# RAG Retrieval System

## Imports

In [1]:
import os
os.environ['USER_AGENT'] = 'JimYin88'

from langchain_openai import ChatOpenAI
from langchain_core.prompts import ChatPromptTemplate
from langchain.chains.combine_documents import create_stuff_documents_chain
# from langchain_community.document_loaders import WebBaseLoader
# from langchain.document_loaders import BSHTMLLoader
from langchain.text_splitter import RecursiveCharacterTextSplitter
from langchain_openai import OpenAIEmbeddings
# from langchain_community.embeddings.openai import OpenAIEmbeddings
from langchain_chroma import Chroma
# from langchain_community.vectorstores.faiss import FAISS
from langchain.chains import create_retrieval_chain
from langchain_community.document_loaders import Docx2txtLoader
from langchain_google_genai import GoogleGenerativeAIEmbeddings

# from langchain_community.document_loaders import UnstructuredRTFLoader
from langchain.schema.output_parser import StrOutputParser

## Loading Environment Variables

In [2]:
from dotenv import load_dotenv
load_dotenv()

True

## Instantiate LLM model

In [3]:
chat_model = ChatOpenAI(model="gpt-4o-mini-2024-07-18",
                        max_completion_tokens=1028,
                        temperature=0.2)

## Load documents

In [4]:
loader = Docx2txtLoader(".\\data\\JimYin-Resume.docx")

docs = loader.load()

## Split documents into chunks

In [5]:
text_splitter = RecursiveCharacterTextSplitter(chunk_size=2000, 
                                               chunk_overlap=20)
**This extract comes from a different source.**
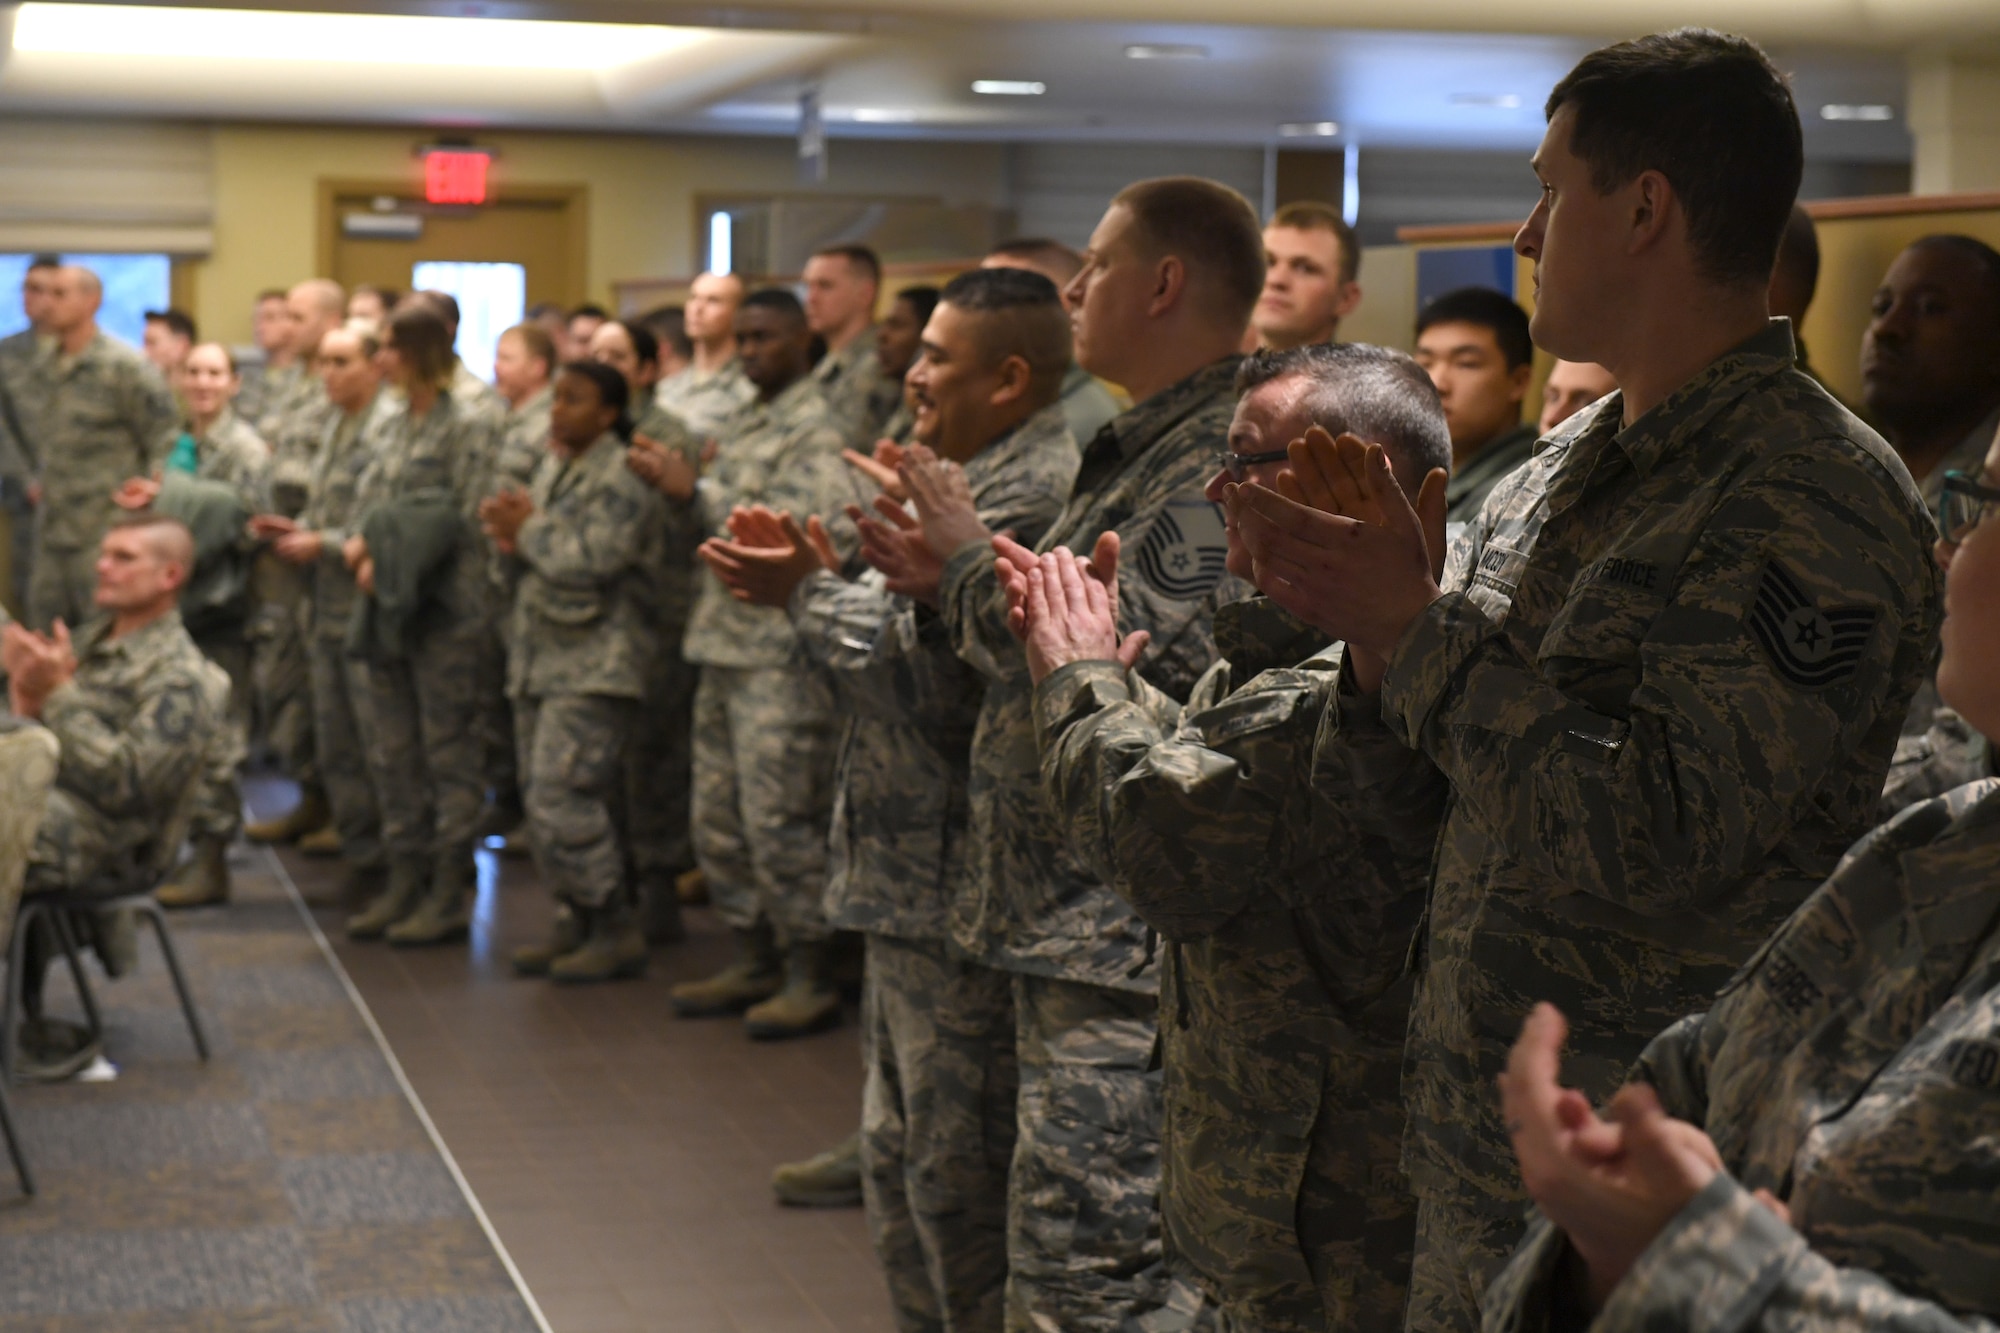 Airmen gather to formally recognize their peers at the 2019 911th Airlift Wing Awards Ceremony at the Pittsburgh International Airport Air Reserve Station, Pennsylvania, March 2, 2019. This ceremony recognized Airmen who were awarded of-the-year titles, as well as the recipient of the Command Chief Fahrny Diamond Sharp Award. (U.S. Air Force photo by Senior Airman James Fritz)
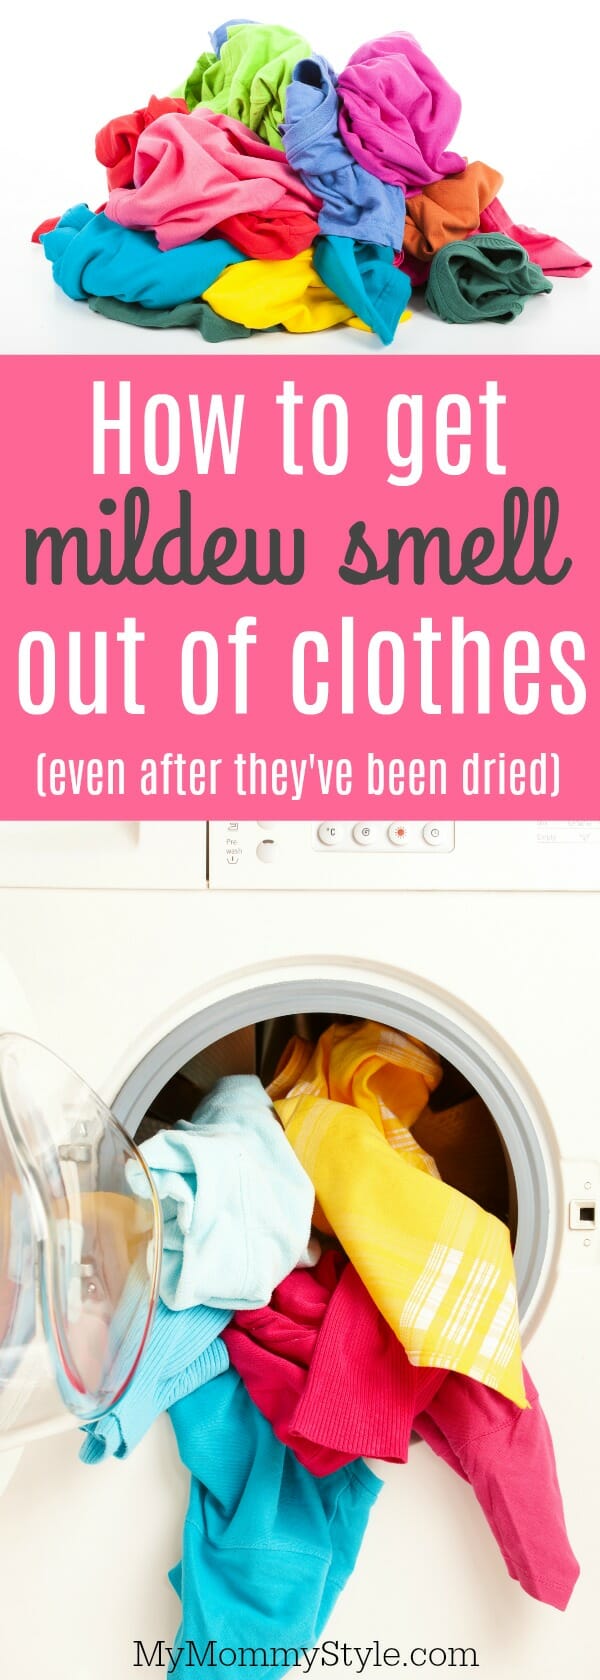 How to get mildew smell out of clothes - My Mommy Style

splitDocs = text_splitter.split_documents(docs)

In [6]:
embedding_function = GoogleGenerativeAIEmbeddings(model="models/embedding-001")

In [7]:
db = Chroma.from_documents(documents=splitDocs, 
                           embedding=embedding_function, 
                           collection_name="Resume",
                           persist_directory="./resume")

In [8]:
question = "What was Jim C. Yin last job title?"

In [9]:
similar_docs = db.similarity_search(query = question, 
                                    k = 2)

In [10]:
similar_docs

[Document(id='fb8c3f41-7e1a-4eed-aa0e-a5910d40389f', metadata={'source': '.\\data\\JimYin-Resume.docx'}, page_content='Jim C. Yin\n\n101 Darling Ave.\n\nBloomfield, NJ 07003\n\n Cell (626) 675-1990 • jimyin88@gmail.com\n\n\n\n\n\nSUMMARY\tHighly skilled data scientist with extensive expertise in the financial markets, possessing more than 20 years of experience in data science and finance.\n\n\t\t\n\nEXPERIENCE\n\n\n\n\t\t\t1/2023 – 9/2024\tPrudential Financial, Inc.\tNewark, NJ\n\n\t\t\t\t\tSenior Data Scientist\n\n\t\t\t• \tDeveloped various software programs to assist clients in retirement planning, such as a Monte Carlo simulation that accurately projects their life savings and recommends optimal asset allocations based on factors including risk tolerance.\n\n\t\t\t• \tConducted thorough analyses of annuity purchase applications to identify and address potential issues, utilizing similarity searches on advisors with comparable characteristics. Contributed to cost savings for the co

In [11]:
prompt = ChatPromptTemplate.from_template("""
    Answer the user's question.
    Context: {context}
    Question: {input}
    """)

In [12]:
chain = prompt | chat_model | StrOutputParser()

In [13]:
response = chain.invoke({"context": similar_docs,
                         "input": question})

print(response)

Jim C. Yin's last job title was Senior Data Scientist at Prudential Financial, Inc.